Five 'll get you ten that they do indeed look just like the ones on your keyboard, but we don't _know_ that. IIRC, the term Arabic is used, which would be a giveaway in itself, but maybe they actually are. [FYI, the numerals in Arabic are actually rather difficult for your average westerner to read]
Tararoys wrote:OrlandoNative wrote:
More insidiously is the dissemination of Arabic numerals and higher order math. At first it'll look like it supports the Writ because Langhorne said 'X does Y' and the math supports it. But sooner or later someone will take a serious look at orbital mechanics and realize the Ptolemaic universe Langhorne insisted on using doesn't hold up.

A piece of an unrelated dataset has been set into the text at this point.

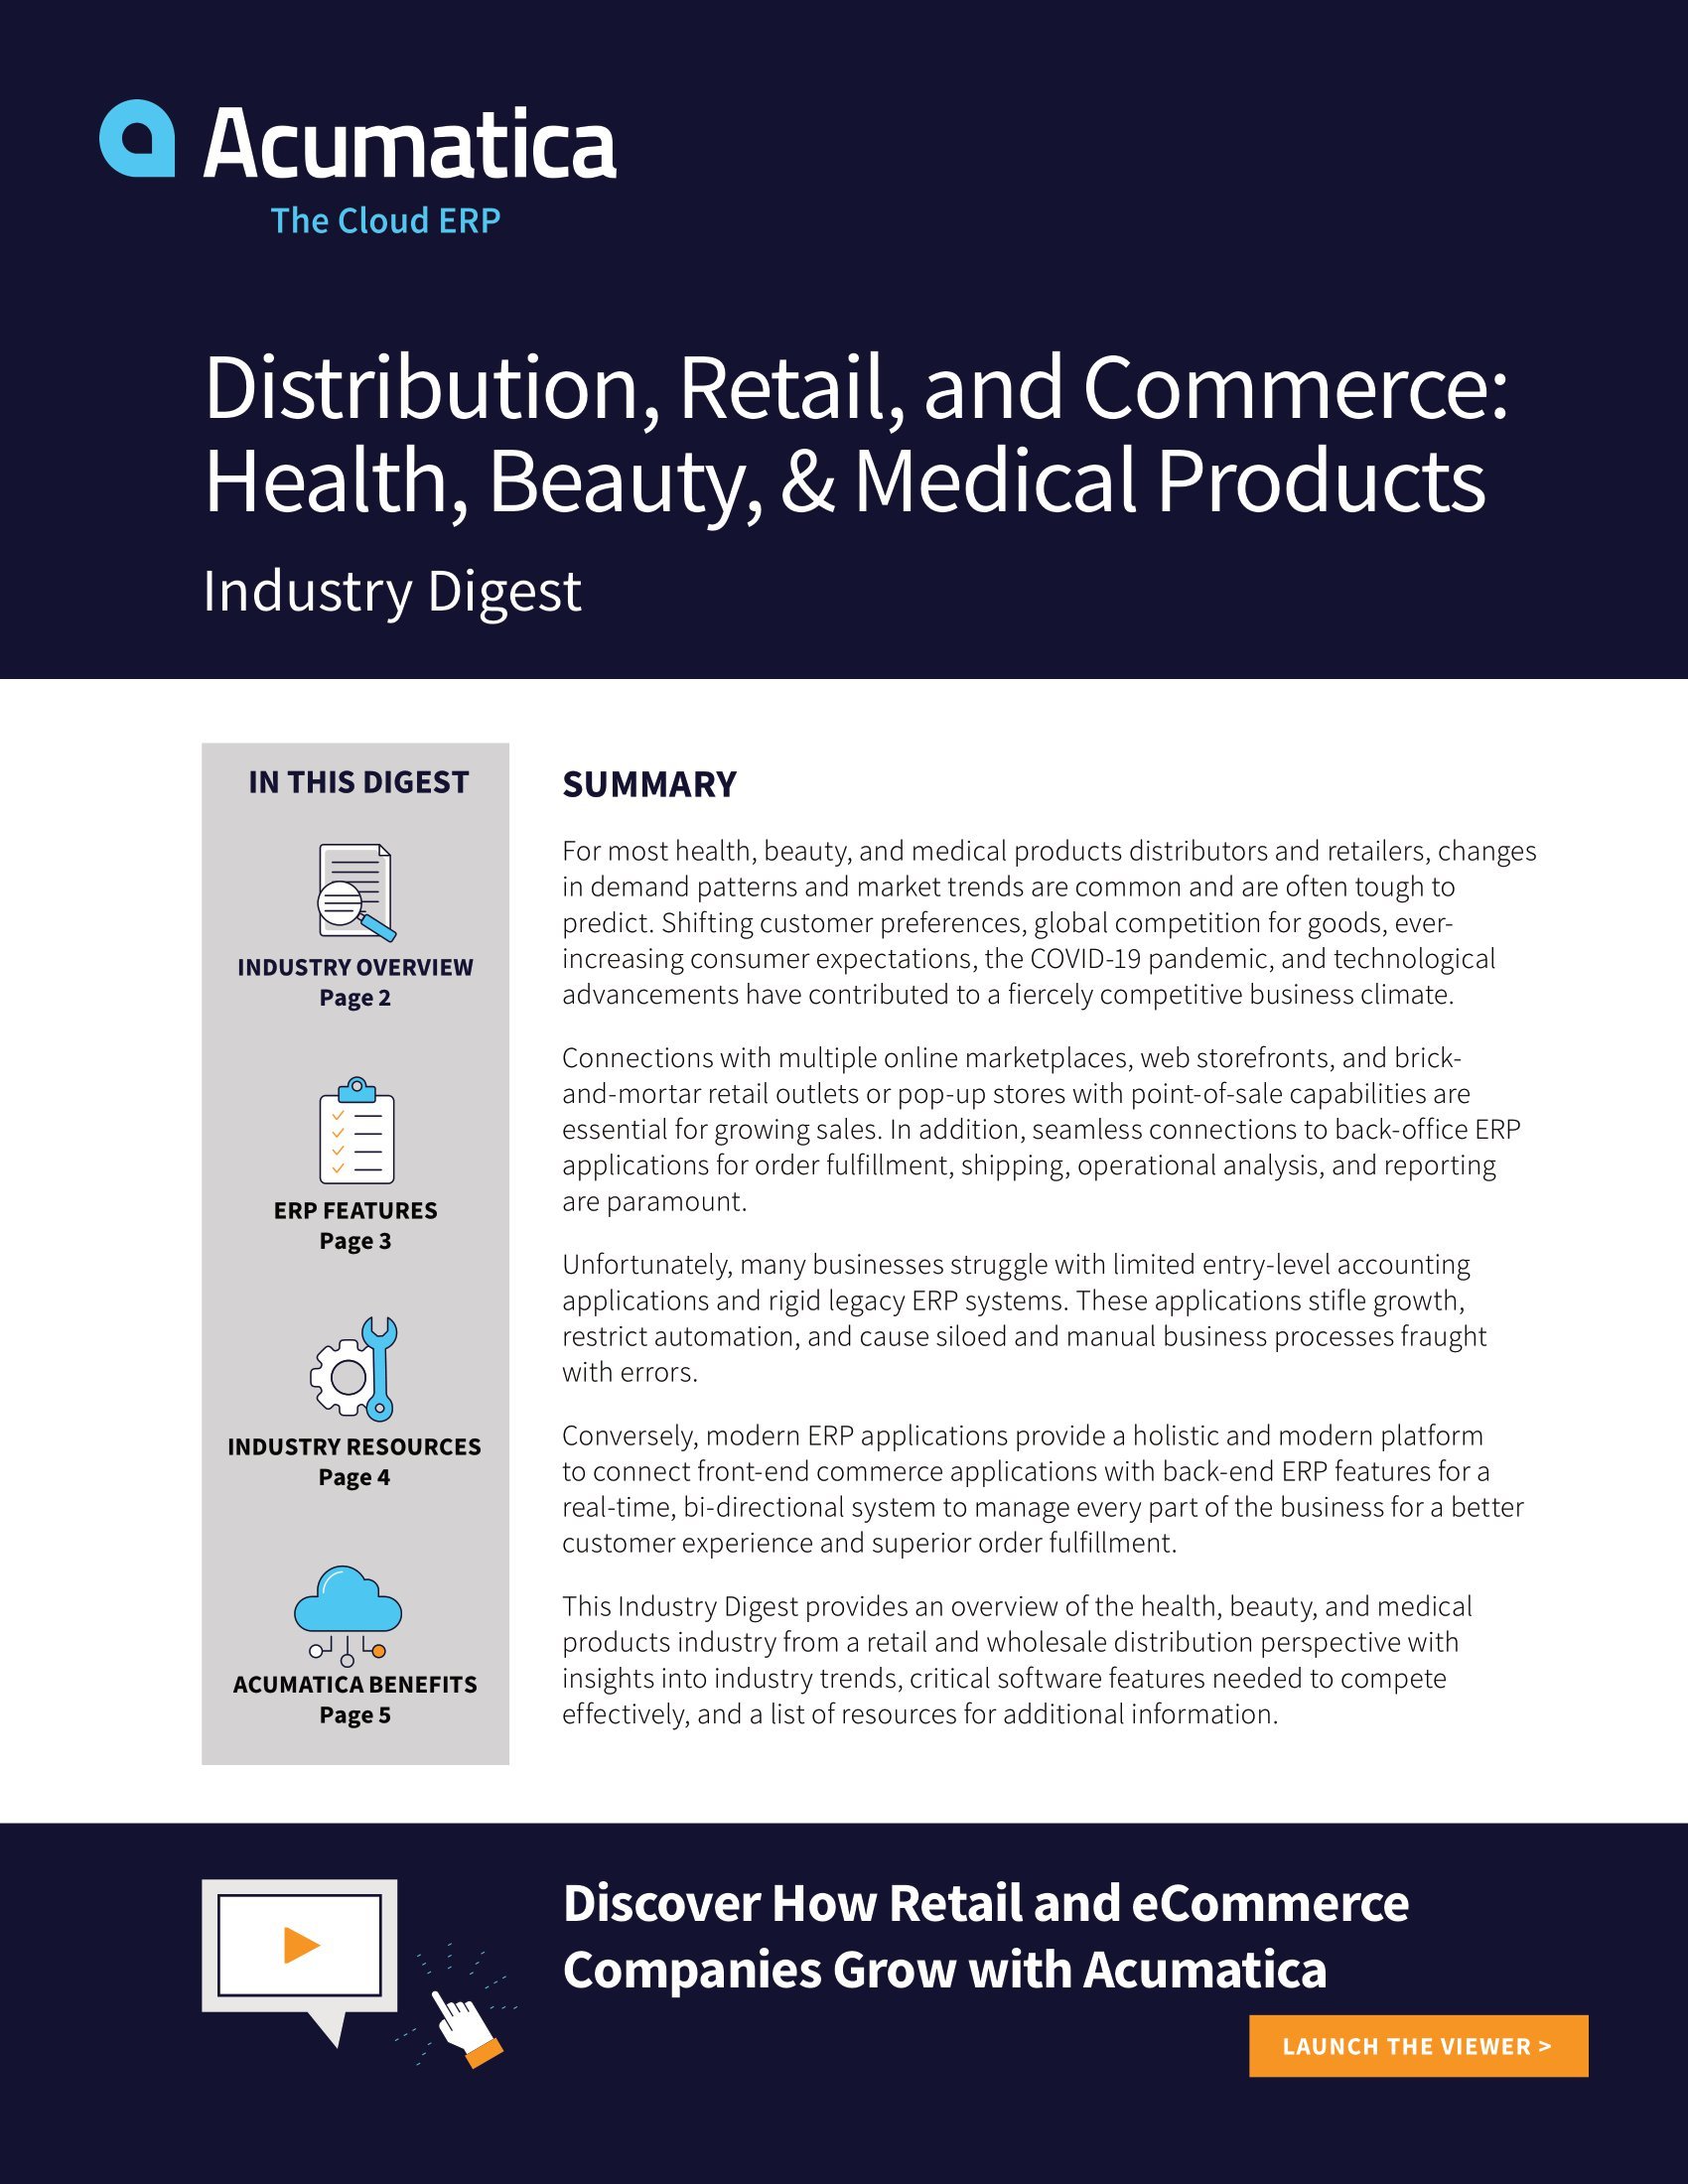 Distributeurs et détaillants de produits de santé, de beauté et médicaux : Attirer et fidéliser les clients grâce à une application ERP moderne

That's the big one, I think.
Merlin has commented on a number of times that one of the reasons the Writ is so effective is because it works. It holds up under what 'test conditions' exist, and when those conditions fail they fail exactly how the Writ says they fail (I recall one character thinking about sailors unable to keep the dietary laws and suffering scurvy, for example).
But Ptolemy... With enough observational data and the right mathematical tools, Ptolemy goes 'nope!' and then you have a situation where the math everywhere else supports CoGA is also telling you that something is Not Quite Right.
I always thought the arabic numerals were a big mistake on Merlin's part. The only way you could have exactly the same arabic numerals as you did on Old Earth would be for someone with a memory of old earth to tell the safeholdians. There is no way archangelic visitors with knowledge of earth's history are going to believe that Rajer Mahklyn (sp) came up with them all on his own. That's a flair-lit tip off for 'Fallen Influence Here!' And a very little investigation would show the oh-so-coincidental arrival of Sejin Merlin to Charis at exactly the same time the numerals were 'invented.' Even local safeholdians are suspicious of the coincidence- somewhere in the books there's someone wondering if all the 'fathers of innovation' are really responsible for their own inventions.
The new sale plans, the trunnions, and the gunpowder could be local inventions, but not *exactly the same numeral system Old Earth used to have.*
So I wonder if that is going to be a plot point at some point.